5 Pembunuh Berantai Ini Memiliki Penggemar yang Tak Kalah Menyeramkan

·Bacaan 2 menit

Liputan6.com, Jakarta - Nama-nama pembunuh berantai di bawah ini mungkin tidak asing lagi bagi Anda. Kasus-kasus keji ini seringkali menjadi inspirasi bagi film atau plot di serial tv.

Namun, apakah Anda tahu bahwa sejumlah pembunuh berantai ini memiliki penggemar yang mungkin sama menyeramkannya seperti mereka?

Dikutip dari ListVerse, Rabu (19/5/2021), berikut adalah lima pembunuh berantai yang memiliki penggembar mengerikan:

1. Richard Ramirez

Richard (Wikipedia)
Richard (Wikipedia)

Pembunuh berantai yang memiliki julukan "The Night Stalker" ini berkeliaran di kota Los Angeles, California, Amerika Serikat (AS) pada pertengahan 1980-an.

Terlepas dari semua bukti mengerikan yang disajikan di ruang sidang, salah satu anggota juri, Cindy Haden, jatuh cinta dengan Ramirez.

Pada Hari Valentine, di tengah-tengah persidangan, Haden memberi Ramirez hadiah kue cupcake dengan tulisan "i love you" di atasnya.

Walau begitu, saat memutuskan hukuman Ramirez, Haden tetap menyatakannya bersalah.

2. Ted Bundy

Ted Bundy (Wikipedia)
Ted Bundy (Wikipedia)

Pembunuh berantai sekaligus nekrofil ini pernah membunuh setidaknya 30 wanita pada 1970-an.

Anehnya, saat proses sidang Bundy, banyak wanita yang berbondong-bondong masuk ke ruang sidang untuk mengaguminya dari jauh.

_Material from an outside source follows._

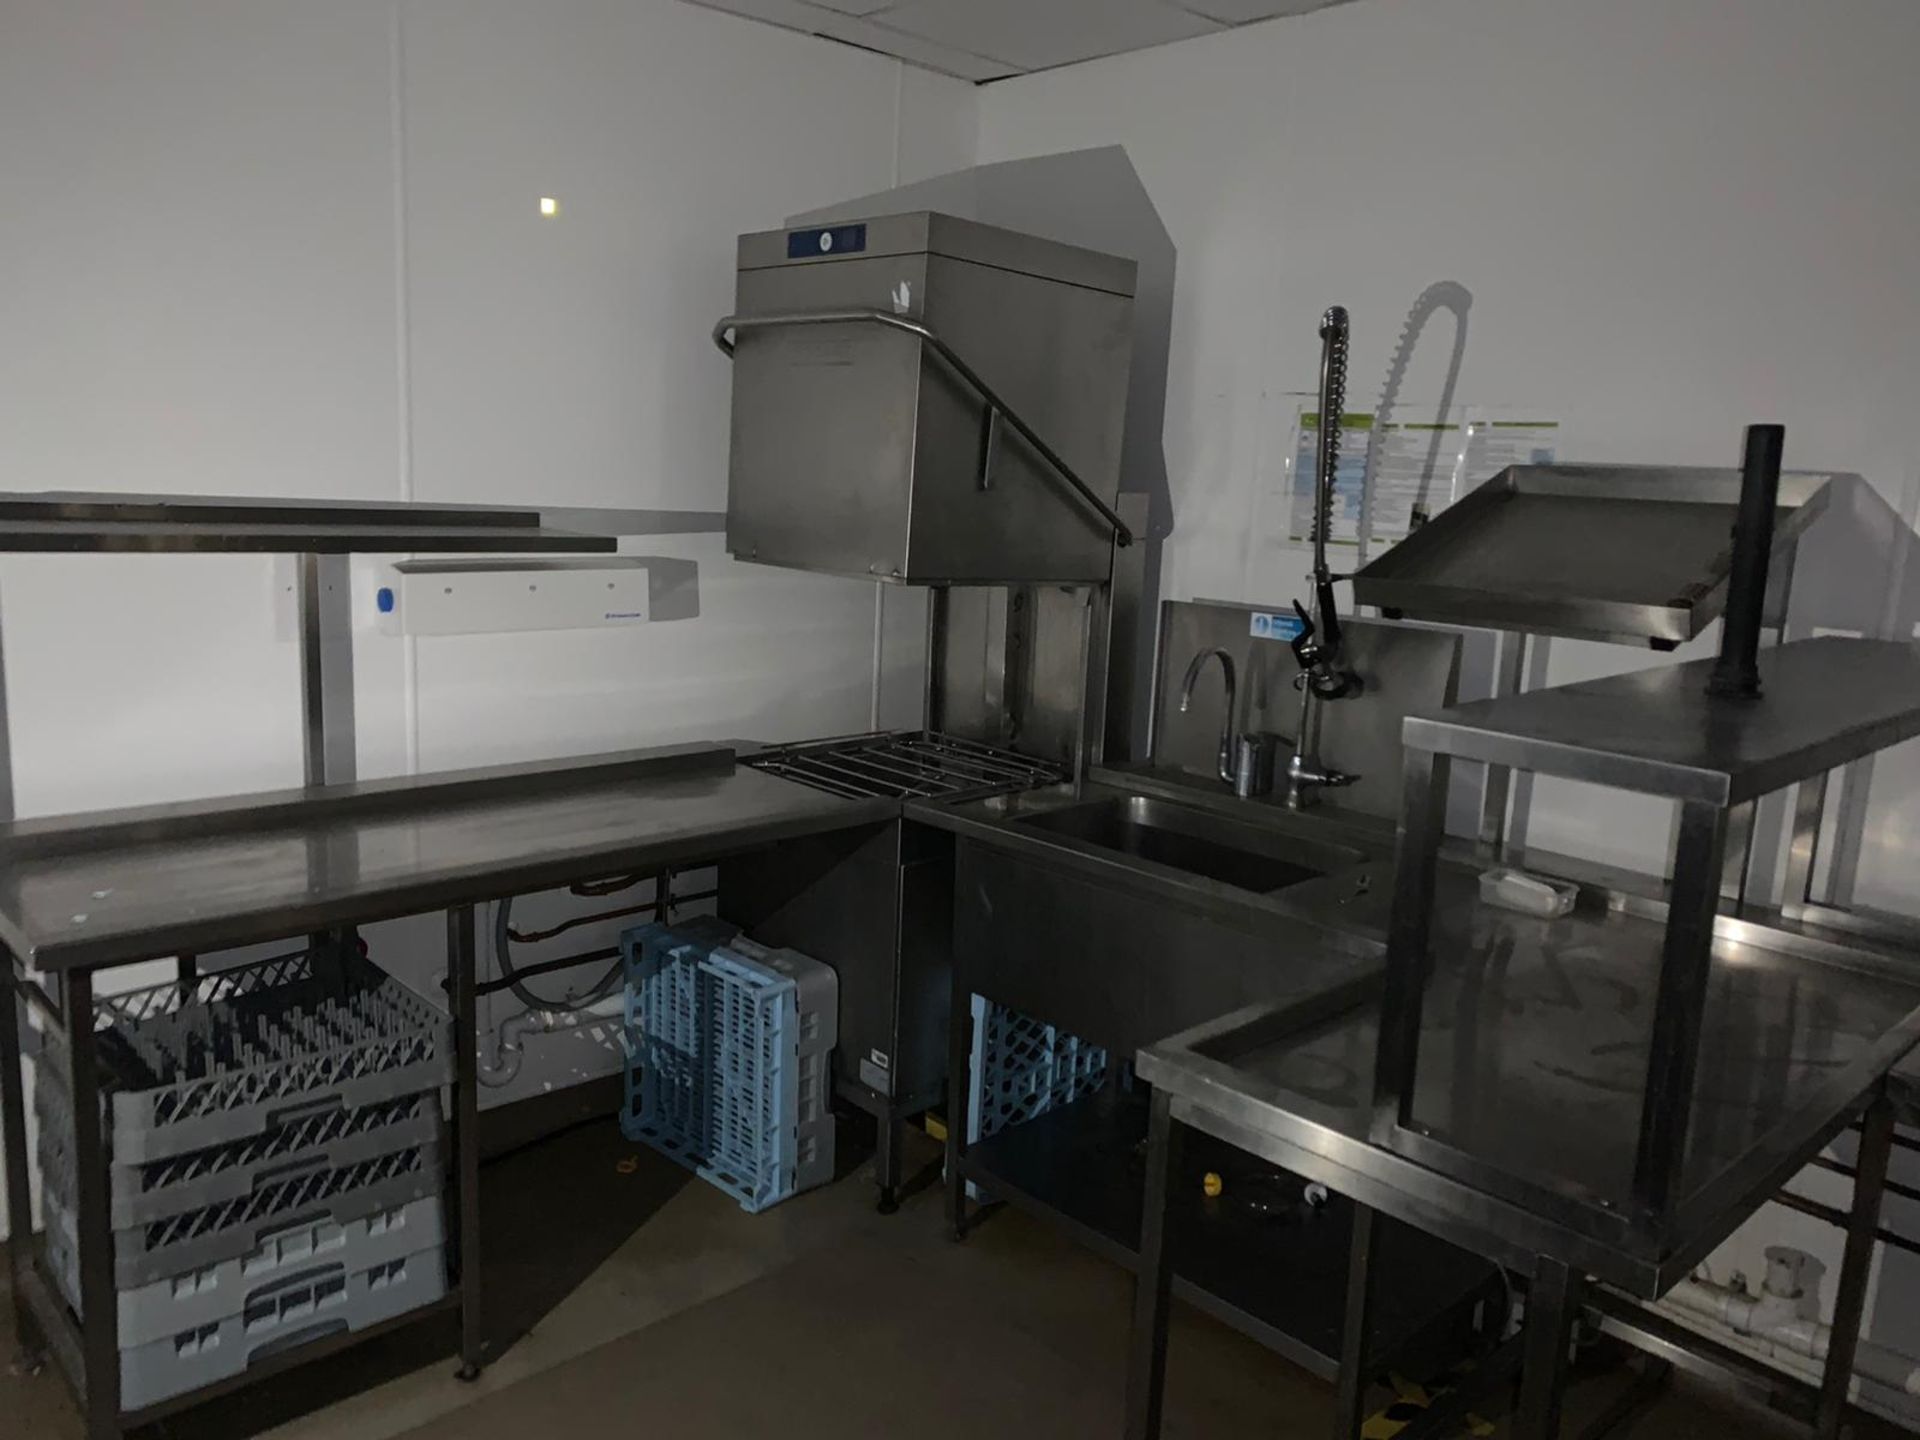 Hobart Commercial Grade Conveyor Dishwasher & Sink Unit - Image 4 of 9

Seorang wanita bernama Janet mengambil obsesinya dengan pembunuh berantai sejauh itu bahkan membuat Bundy ketakutan.

Janet menatap Bundy di seberang ruang sidang dengan intensitas sedemikian rupa dan juga mengatakan kepada pengacara pembela bahwa ia ingin memakai kulit Bundy.

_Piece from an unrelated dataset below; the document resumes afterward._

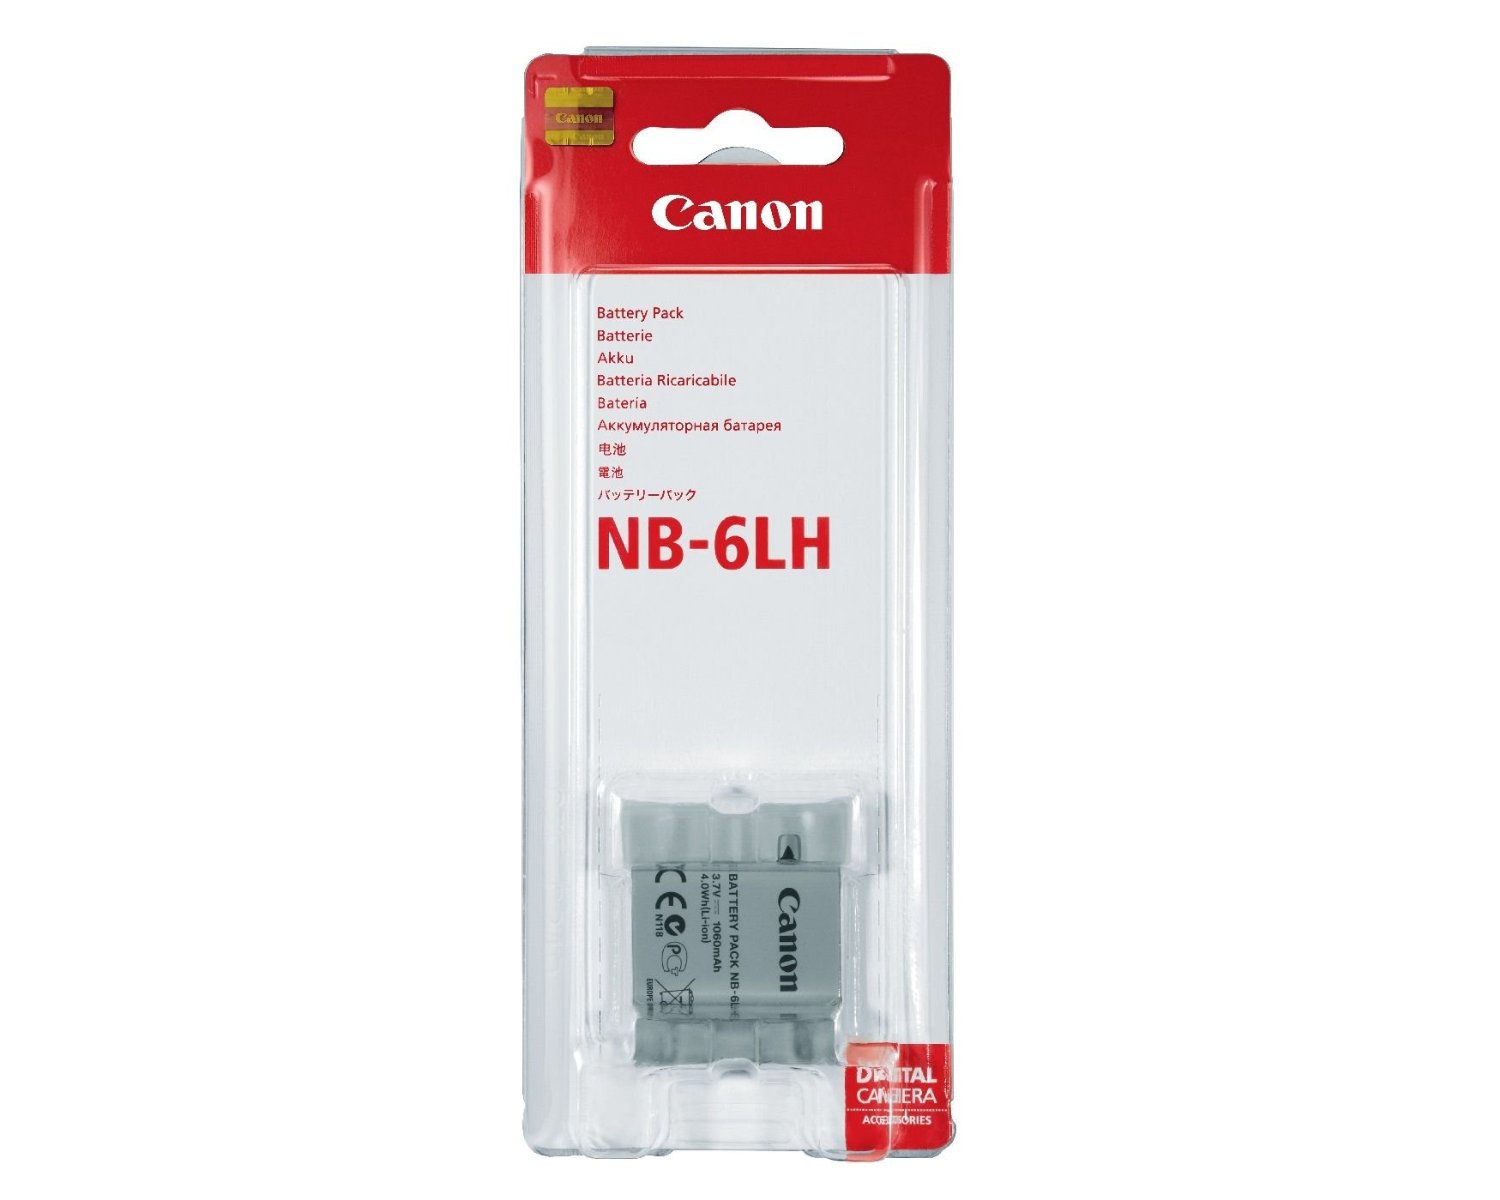 Pack de baterías Canon NB-6LH

"Di sana dia duduk merenungkan saya dengan matanya yang gila seperti burung camar gila yang mempelajari kerang. Aku bisa merasakan dia mengoleskan saus pedas padaku," kata Bundy.

3. Jeffrey Dahmer

Jeffrey Dahmer (Wikipedia)
Jeffrey Dahmer (Wikipedia)

Walaupun seorang terpidana pembunuh berantai dan tidak menyukai wanita, ia berhasil memikat hati banyak kaum hawa.

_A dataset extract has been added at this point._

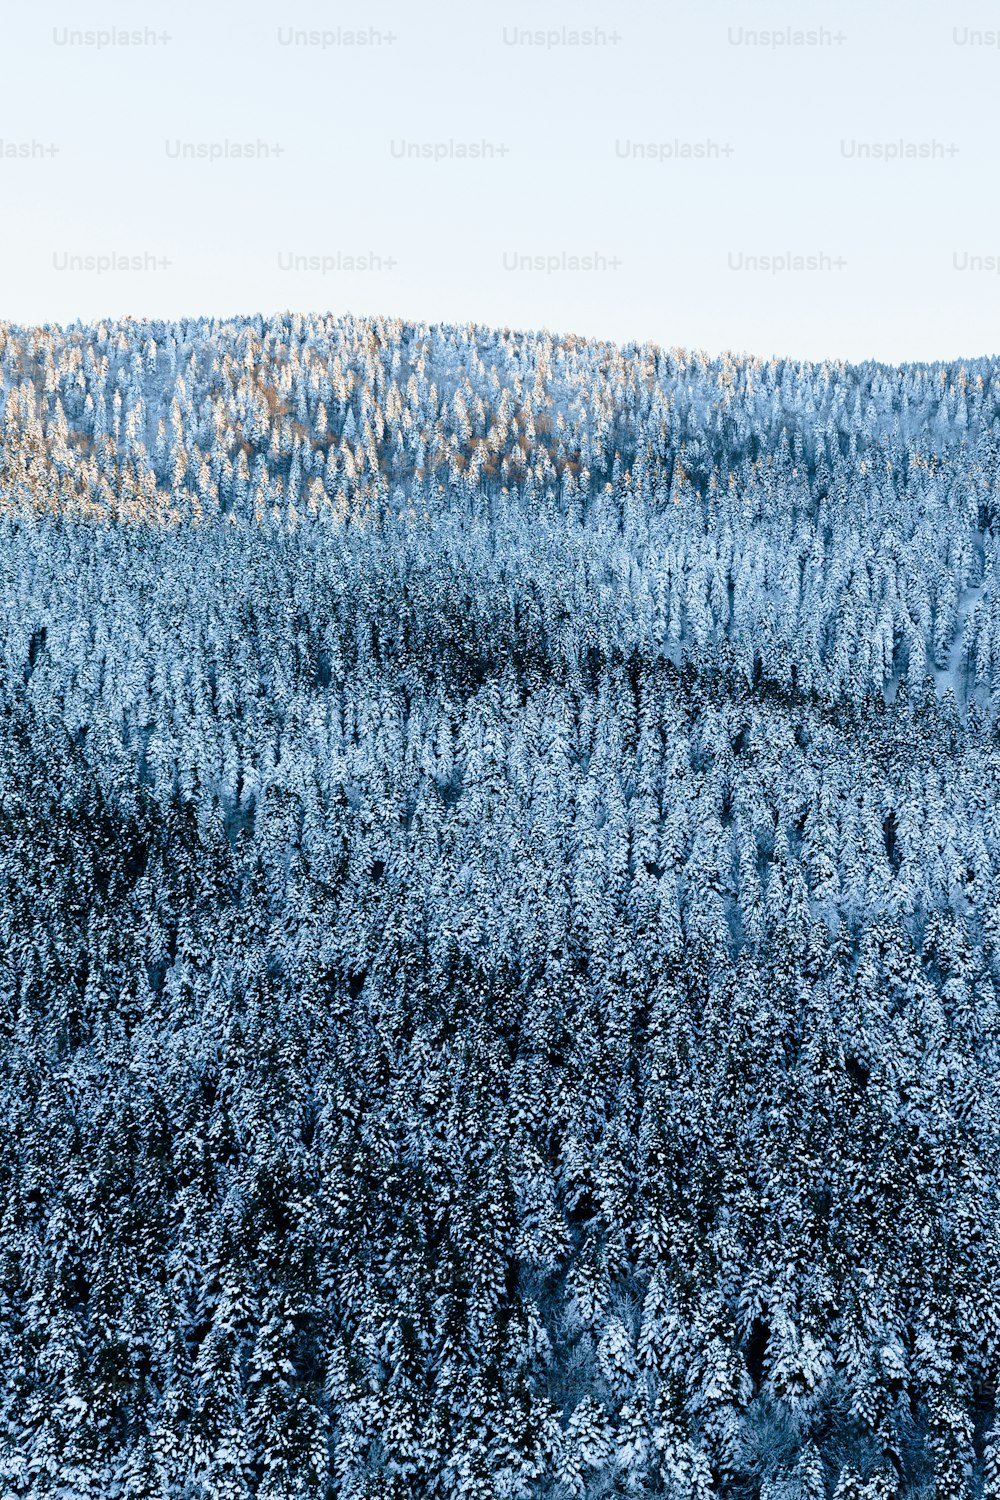 eine große Gruppe von Bäumen mit Schnee bedeckt

Dahmer dikirimi hadiah, boneka beruang, dan uang dari wanita di seluruh dunia. Ia bahkan menerima lamaran pernikahan.

Profesor psikologi forensik Katherine Ramsland mengungkapkan bahwa kadang-kadang wanita jatuh cinta pada seorang pembunuh berantai ketika mereka melihat bocah laki-laki dan ingin mencoba untuk mengasuhnya.

4. Charles Manson

Charles Manson (Wikipedia)
Charles Manson (Wikipedia)

Mantan pemimpin kultus ini meninggal karena sebab alami di usia 83 tahun pada 2017. Selama bertahun-tahun, pengikut Manson terkenal sangat setia kepadanya.

Namun, saat ia meninggal, abunya juga ternyata membuat pengikutnya tergila-gila.

Sempat menjadi hak milik cucunya, Jason Freeman, abu Manson akhirnya sampai ke tangan seniman tato bernama Ryan Gilikin melalui teman dekatnya Tony Miller yang merupakan teman Freeman.

Gillikin kemudian bertemu dengan Patrick Boos yang obsesif Manson yang meminta kata-kata "Helter Skelter" untuk ditato di atas mata kanannya dan "X" di dahinya sama dengan yang diukir Manson di dahinya sendiri selama persidangan yang terkenal itu.

Boos meminta tinta tato untuk dicampur dengan sisa-sisa kremasi Manson dan permintaan ini dikabulkan.

5. Henry Lee Lucas

Henry Lee Lucas (Wikipedia)
Henry Lee Lucas (Wikipedia)

Mengaku telah membunuh 600 wanita -- walau kenyataannya mungkin hanya membunuh tiga -- Lucas tetap berhasil membuat seorang wanita terobsesi dengannya.

Wanita tersebut ingin membebaskan pembunuh berantai tersebut dari penjara dengan menyamar sebagai mantan pacar Lucas yang pernah ia bunuh.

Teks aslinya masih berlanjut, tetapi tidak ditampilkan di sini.